When I rode off the side of the rollers that were on the tile floor of Ansel
John's shop in West Carrollton OH in 1968, it left two (yes, two) black skid
marks on the tile, each two or three inches long. The bike didn't progress
much, if at all.


Al Williams

 

[Ron Ruff]

Al Williams wrote:
> When I rode off the side of the rollers that were on the tile floor of Ansel
> John's shop in West Carrollton OH in 1968, it left two (yes, two) black skid
> marks on the tile, each two or three inches long.

Of course! There would be two; not just the rear... doh!

 

[dvt]

Alfred Ryder wrote:
> "Joe Pro" wrote
>
>>Sure, quite simple. Not a physics major here, althought a few might be
>>lurking. The momentum of the wheels alone spinning at 40 mph is not
>
> nearly
>
>>enough to move a 155 lb rider on a 20lb bike forward.

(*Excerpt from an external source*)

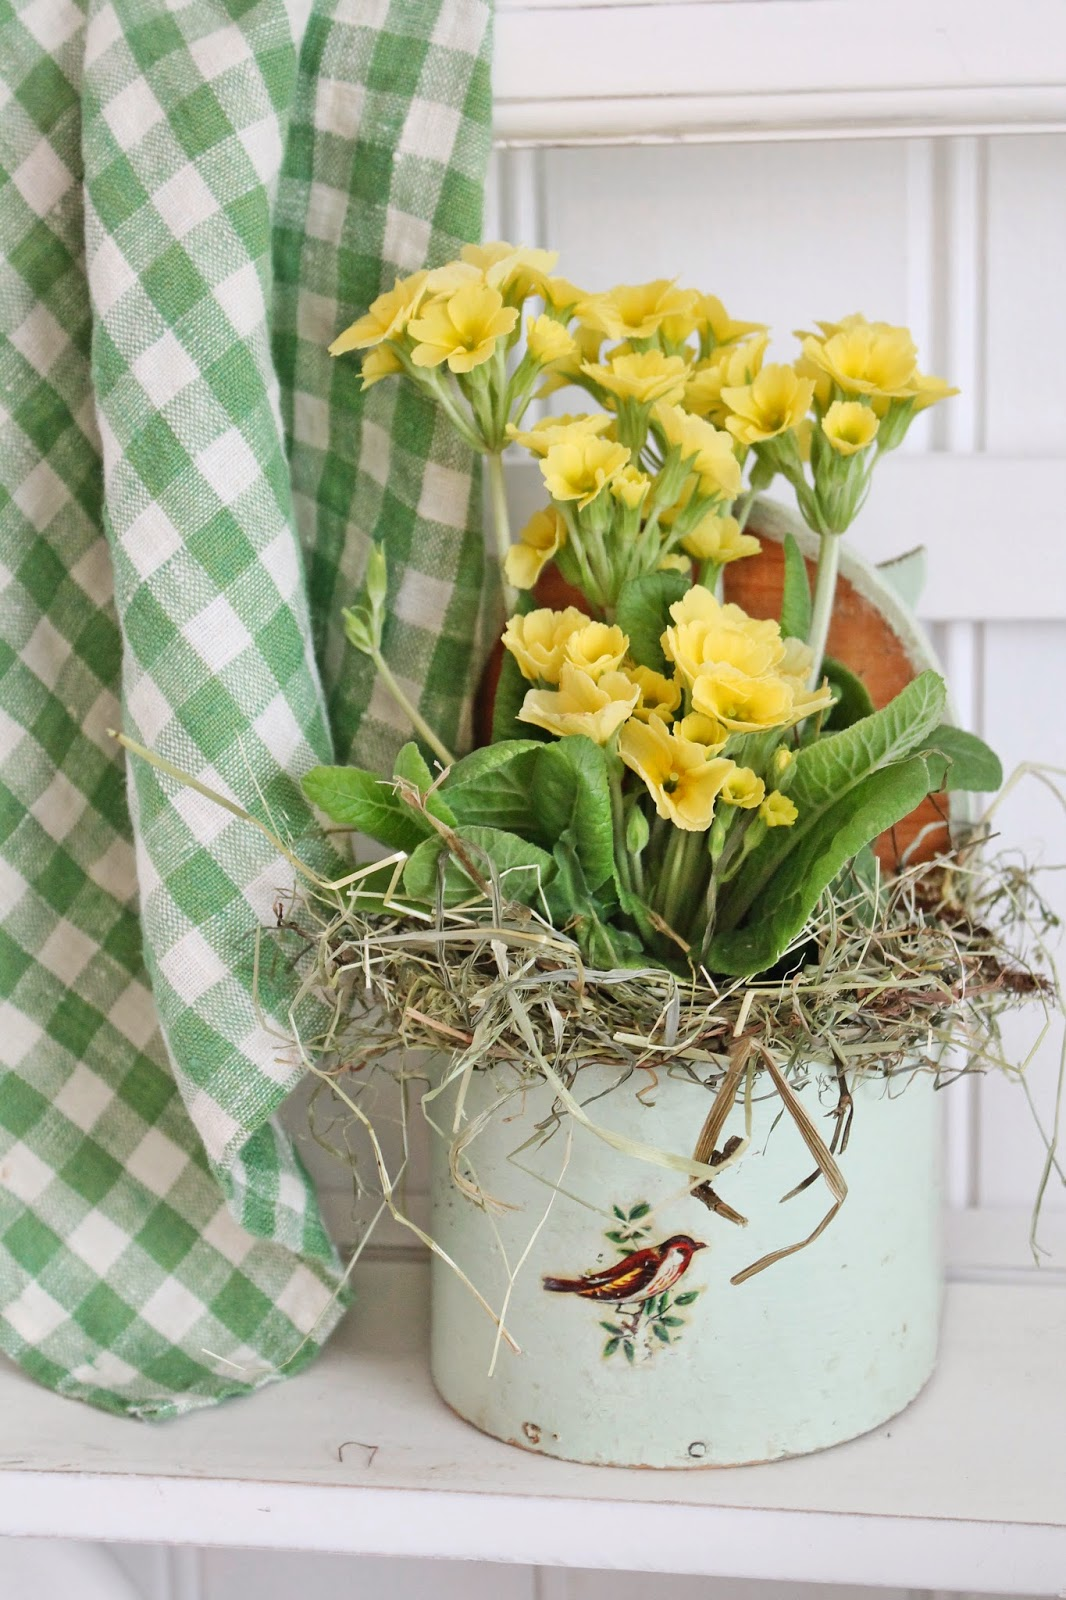 dekor/vesennie-cvety-k-pashe-foto-9.jpg

> Interesting problem. Here is what I came up with:

> 1884g Shimano R500 wheels without cassette or skewer
> 440 two Michelin Pro2 Race tires 23mm
> 200 two Continental tubes
> 50 two Zefal rim tapes
> 2574 TOTAL weight

> 453.6 grams is one pound.

> 5.67 pounds is total weight of wheels.

Kinetic energy for linear motion is (mv^2)/2. For rotational energy, as
in the wheels spinning, the energy is (Iw^2)/2, where I is the
rotational inertia and w is the angular velocity.

First I'll assume that the spokes and hub don't contribute much to the
rotational inertia. Then I'll estimate the distance from axis of
rotation to the center of mass for the rim/tire/tube/tape combination to
be 622 mm. Finally, I'll use 500g as an estimate of the rim mass. Then

I = m r^2
= (500 + 220 + 100 + 25) g * (622 mm)^2
= 0.33 kg m^2

The rotational speed (w) is 2 pi * linear velocity / circumference, or

w = 2 * pi * 40 mph / (2 * pi * (622+46) mm)
= 27 rad/sec

(note the mixed units; conversion factors required!)

So the kinetic energy of one rolling wheel is

KE = (I w^2)/2
= 0.33 kg m^2 * (27 rad/sec)^2 / 2
= 117 J

Now translate that into forward velocity of the rider. Assuming the 175
lb total for bike and rider, and assuming that all of the KE of the
wheels is conserved (none lost to skid marks, brakes, etc)...

KE = (m v^2)/2
v = sqrt(2 * KE / m)
= sqrt(2 * (2*117J) / 175 lb)
= 2.4 m/s (5.4 mph)

(note the extra 2 in the equation for the KE of two wheels, and the
mixed units requiring conversion factors that I have left out)

Summary: I disagree with your physics, but my conclusion is the same.
The rotational inertia of the wheels *alone* won't propel the rider very
far or very fast. A little energy lost to skidding wheels, maybe a
slight touch of the brakes, and the rider might move a few feet before
stopping.

By the way, I have tested this experimentally, but at less than 40 mph.
The experiment was unintended .

--
Dave
dvt at psu dot edu

 

[Curtis L. Russell]

On Mon, 14 Nov 2005 21:14:58 -0800, "Wheels by BFWG"
<[email protected]> wrote:

>When you ride off of rollers, you fall sideways like a trackstand gone amiss
>where you can't unclip in time. . . learned first-hand on more than one
>occasion. . . If you are really good and TRY really hard, you can hit the
>ground, maintain your balance and CRANK to get your mass moving forward. . .
>like getting started from a full-stop track stand.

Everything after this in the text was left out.